Post date: Mar 11, 2016 2:14:28 AM
I obtained this from Victor:
variants.flt.100kmreads_10kdepth_20QS.50cov.phylo.bcf -> 1505 individuals, 324,355 SNVs
used for ML tree with all 1505 individuals
filters: individuals with <100,000 mapped reads removed
variants <50% sampling coverage, max. depth>10000, QS<20 removed
CMD: bcftools view -vd 0.5 variants.raw.bcf | vcfutils.pl varFilter -D 10000 | awk '/^#/ || $6>=20'
I then converted variants.flt.100kmreads_10kdepth_20QS.50cov.phylo.bcf to variants.flt.100kmreads_10kdepth_20QS.50cov.phylo.vcf with bcftools:
bcftools view -N -c -e -g -I -p 0.01 -P full -v variants.flt.100kmreads_10kdepth_20QS.50cov.phylo.bcf > variants.flt.100kmreads_10kdepth_20QS.50cov.phylo.vcf
Hereafter, everything is in /uufs/chpc.utah.edu/common/home/u6000989/projects/timema_moehmm/ at the UofU CHPC.
Next I converted the vcf to gl format (with only MAF > 1% SNPs retained) and split the gl by population = species, host and locality:
perl subvcf2gl.pl 0.01 variants.flt.100kmreads_10kdepth_20QS.50cov.phylo.vcf
perl splitPops.pl modgbs50.gl
Some of the files (populations) have no or very few individuals. Next I need to infer allele frequencies, but I am doing this only for populations with at least five individuals.

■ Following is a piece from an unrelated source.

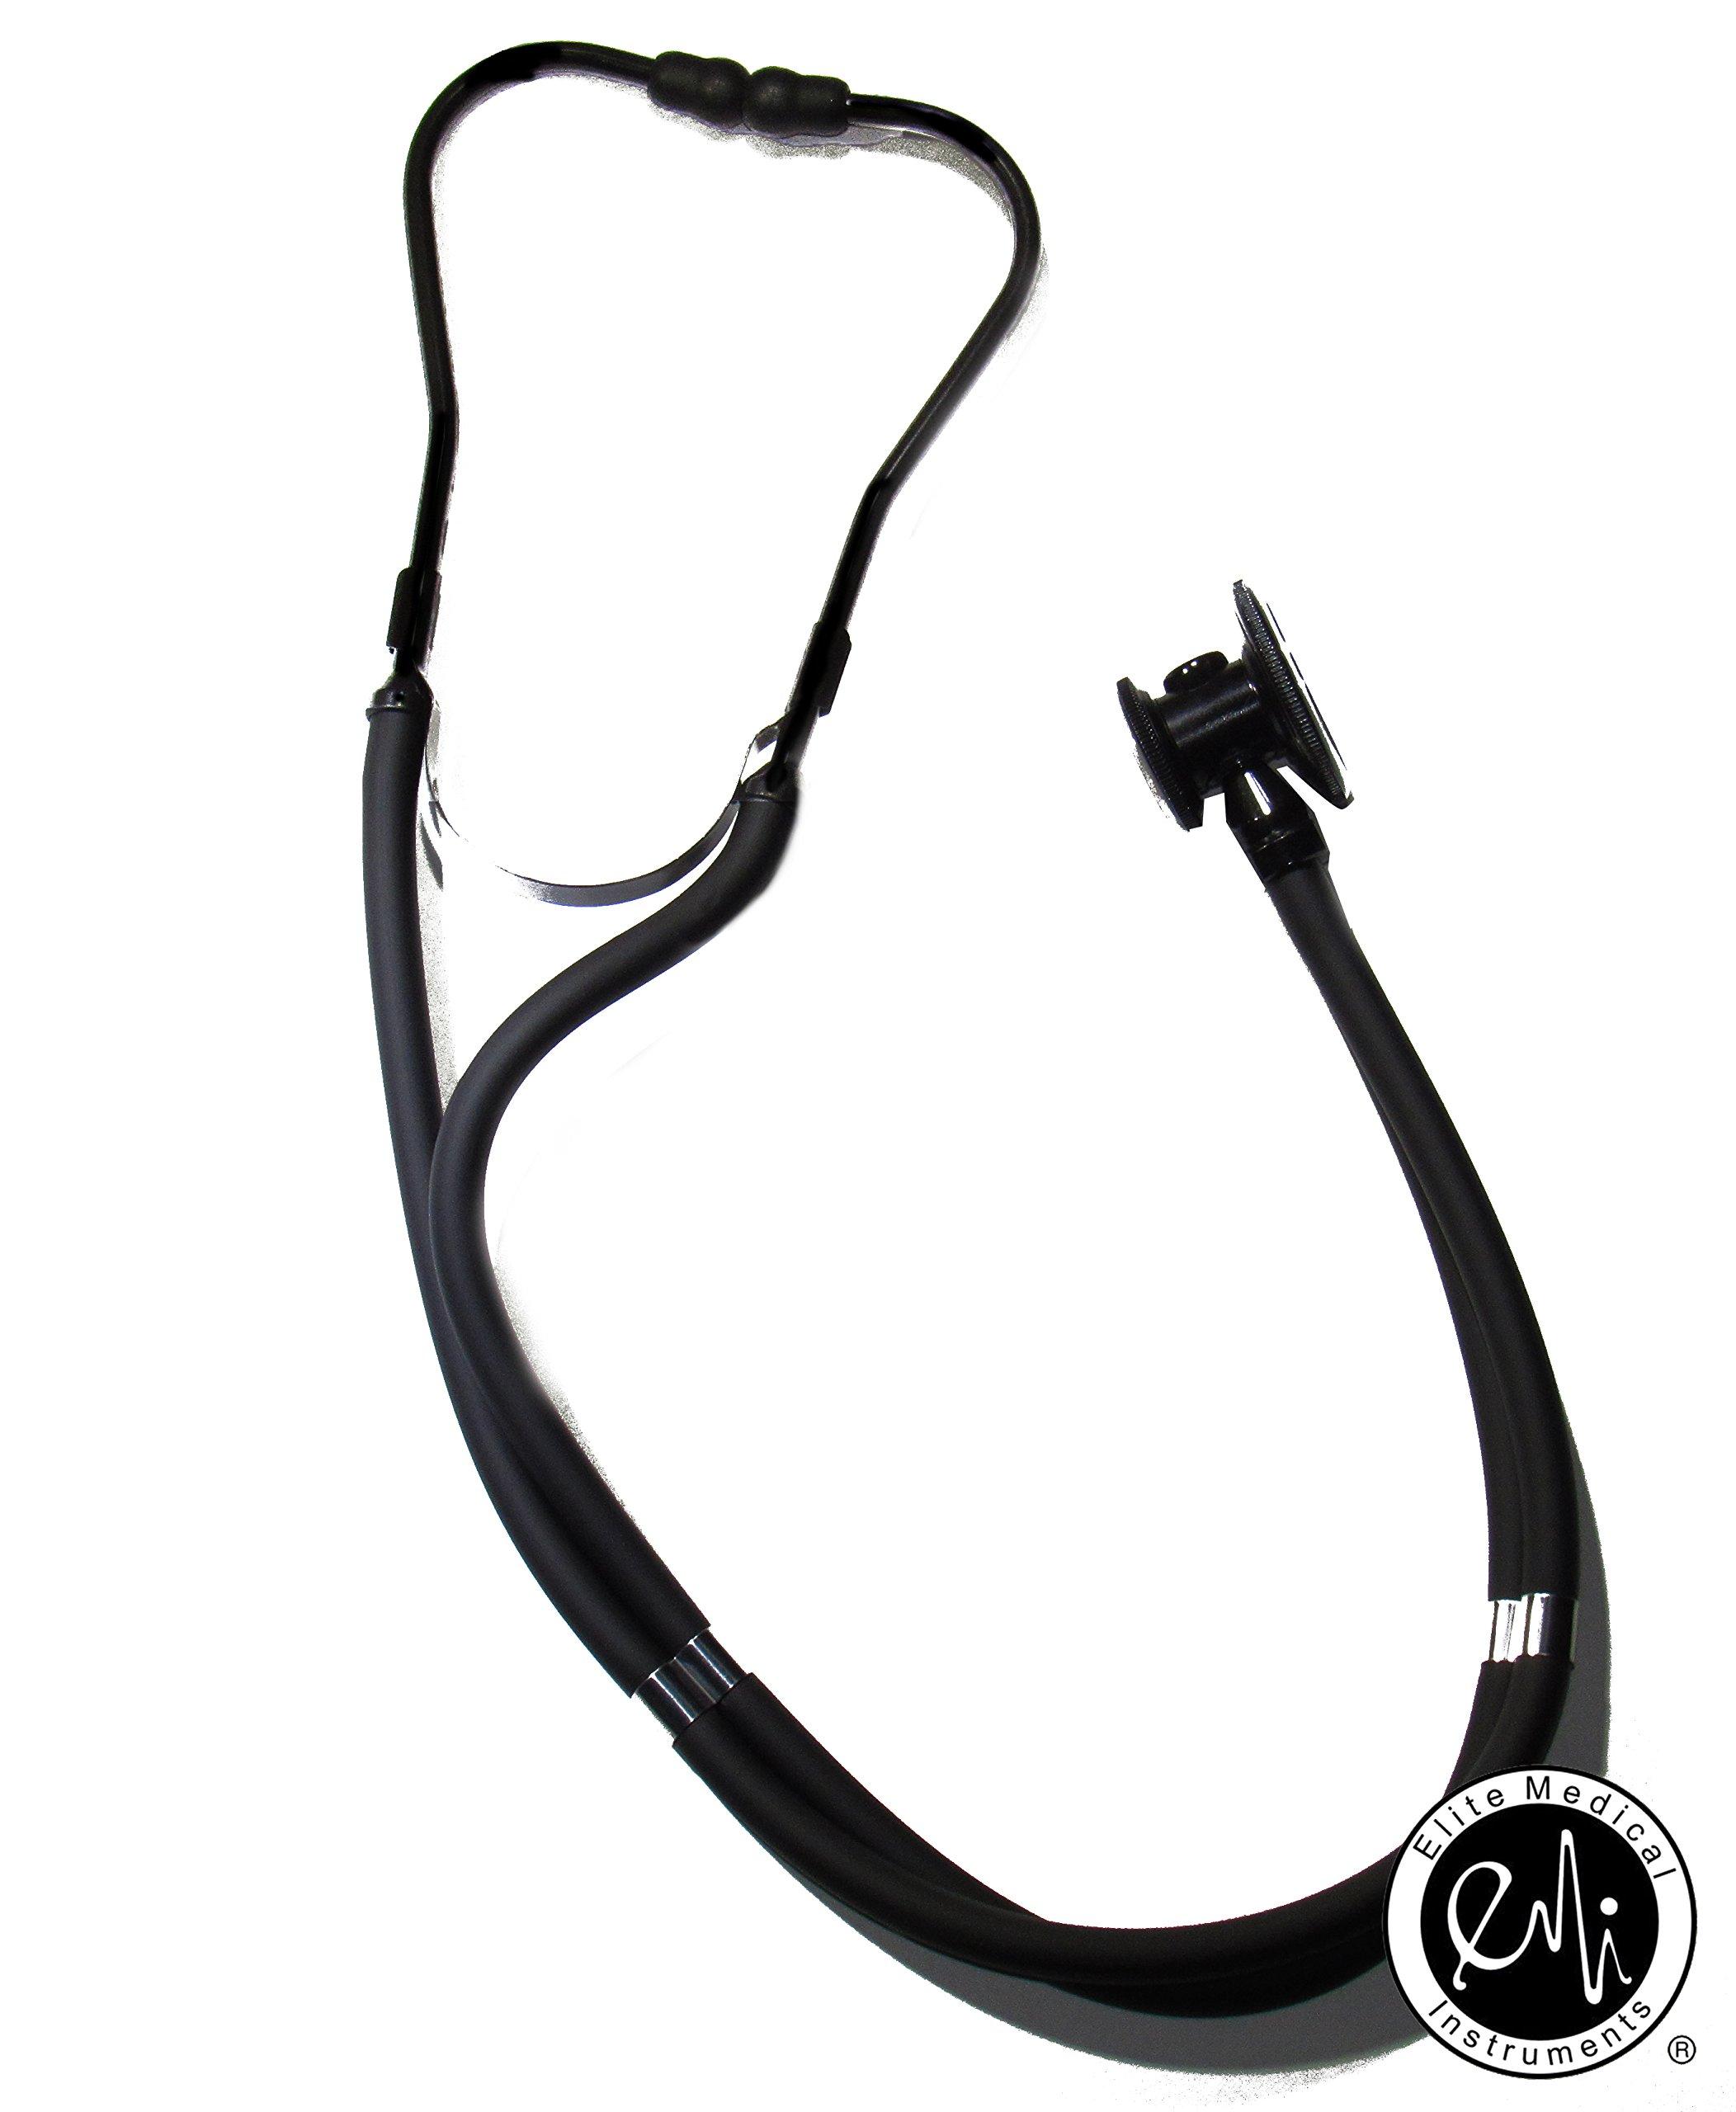 EMI Sprague Rappaport Dual Head Stethoscope - STEALTH BLACK - 112SB

I iterated over the 85 files (populations) with 5+ individuals (in files5plus.txt) with runestpEM.pl. Here is an example command:
estpEM -i timemabart_BMP90_LP.gl -o ptimemabart_BMP90_LP.txt -e 0.0001 -m 20
This creates p_* files with EM allele frequencies in column 3. Note that some allele frequencies appear to be at 0.5, which suggests no data (I am sure this is true for most, but of course not all). Also, it looks like there are runs of SNPs with identical allele frequencies.
I calculated pi, Dxy, Da, and Fst in 20kb windows for all pairs of populations (regardless of species) that were in the same locality (73 comparisons, listed in filesMoe.txt).
R scripts for this were generated with,
perl ../scripts/calcNeiMoe.pl
And then run with,
perl wrap_slurm_chpc_example.pl source_*
I used sortNei.pl to order scaffolds by LG and order within LGs, and to drop any non-LG scaffolds (based on genome 0.3). The resulting files are sort_nei* and the originals are in the popgen/raw subdirectory.
I then generated scripts to run the 2-state HMM with scripts/makeHmmScripts.pl, which defines states based on the mean and 90th quantile logit Fst. Summaries are number of highh regions, total length of high state, mean length, mean background Fst, and mean high state Fst. I ran the scripts in R with runhmm.pl and the results are in the hmm*txt files and rwsp files.
With the odd exception of the first 20kb window, there are essentially no high HMM states.